What is needed
Exactly reproduce the lines from the line bearing "Collection of Rhinestone Jewelry" through the end of the listing, inclusive of both; pictures are to be omitted.

Recorded data
================================

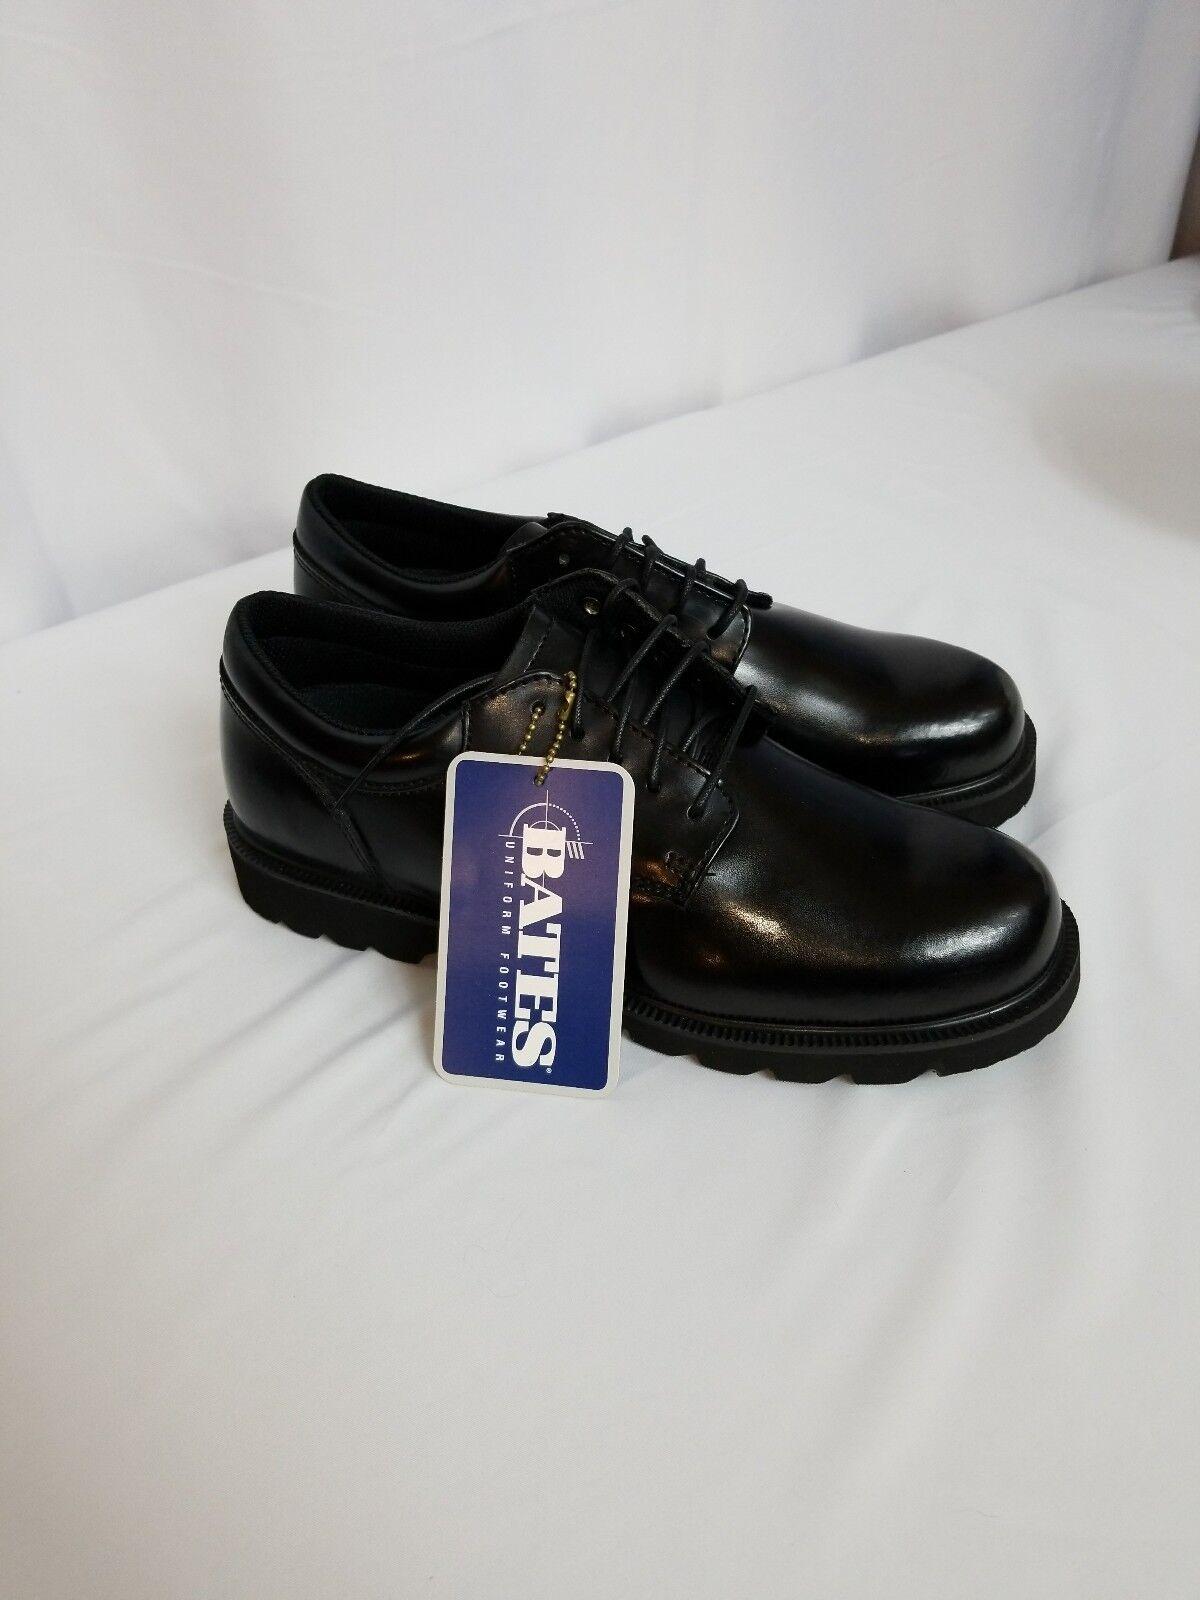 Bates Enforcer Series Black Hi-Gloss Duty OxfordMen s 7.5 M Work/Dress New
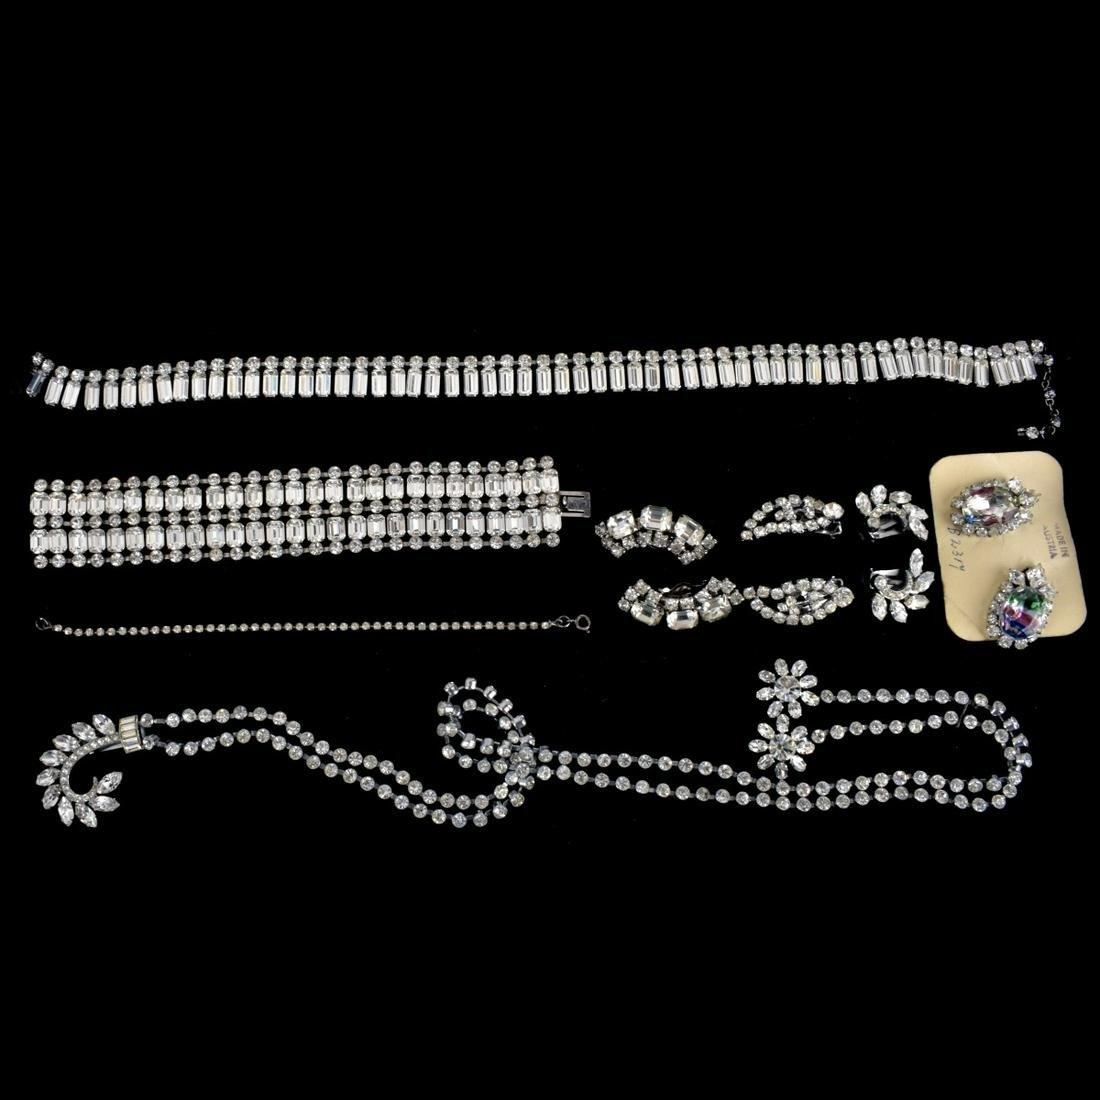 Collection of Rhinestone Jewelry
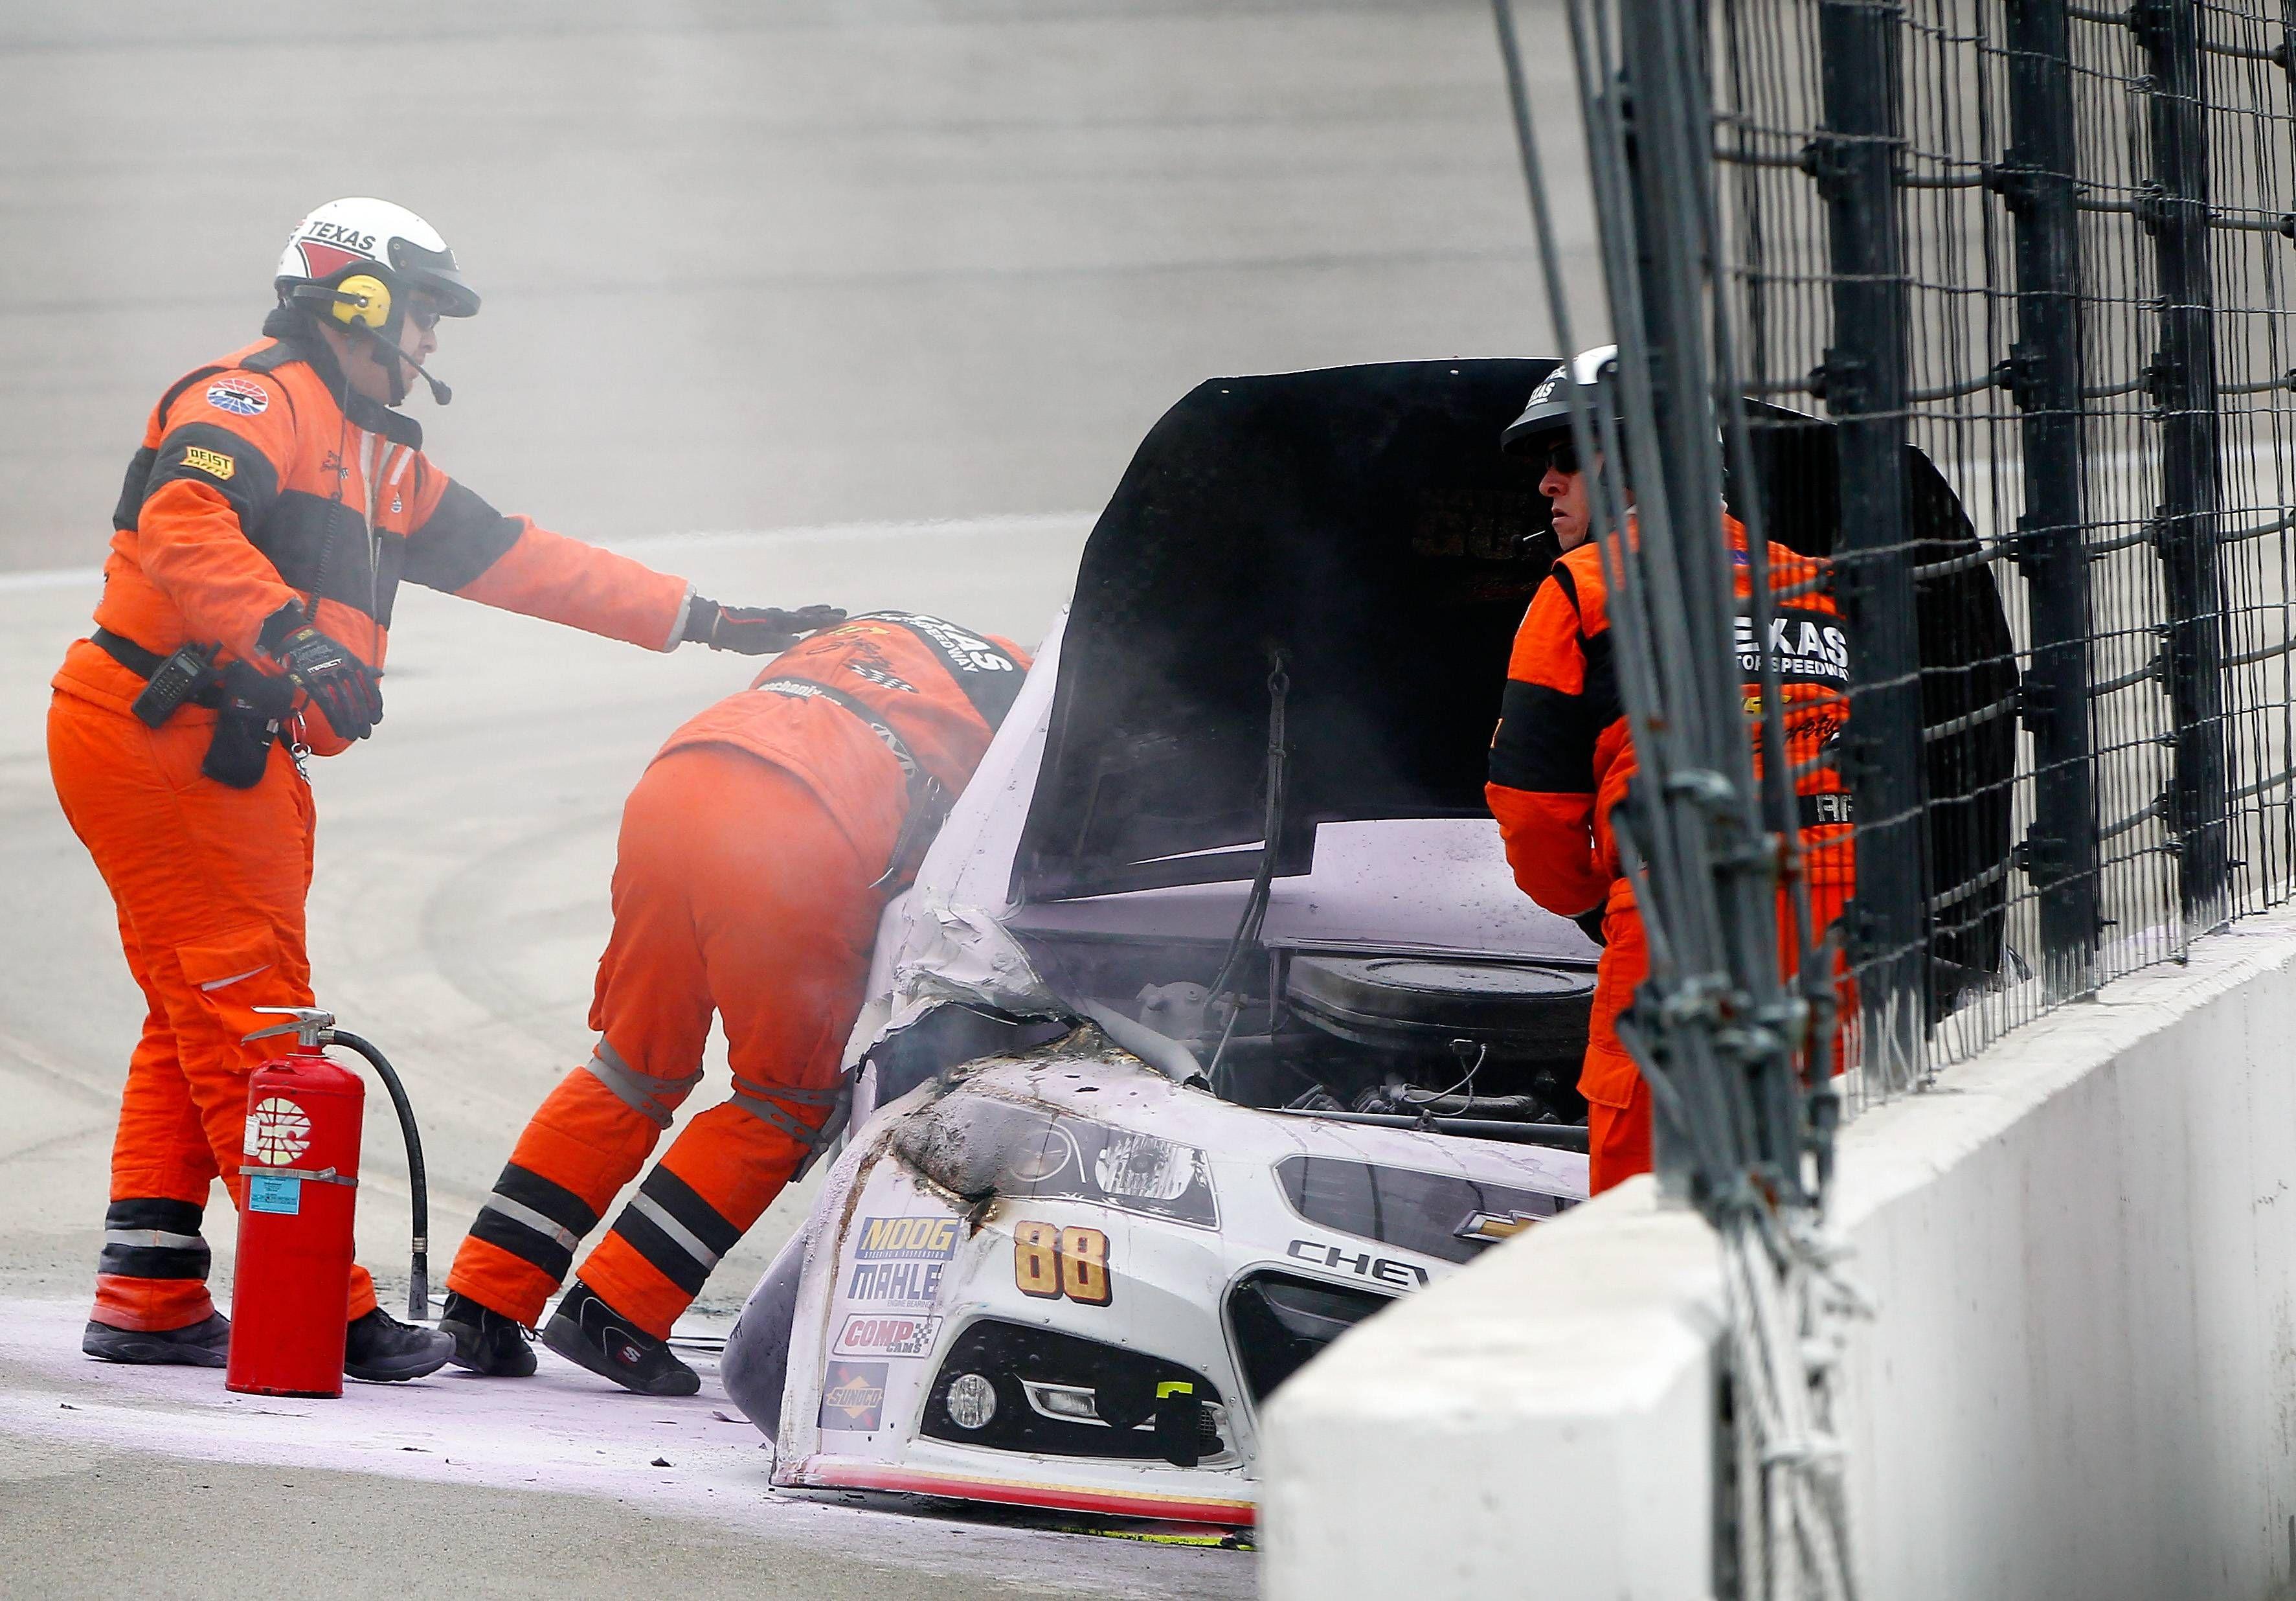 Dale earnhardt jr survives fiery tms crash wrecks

================================

Result
 Collection of Rhinestone Jewelry
 Dale earnhardt jr survives fiery tms crash wrecks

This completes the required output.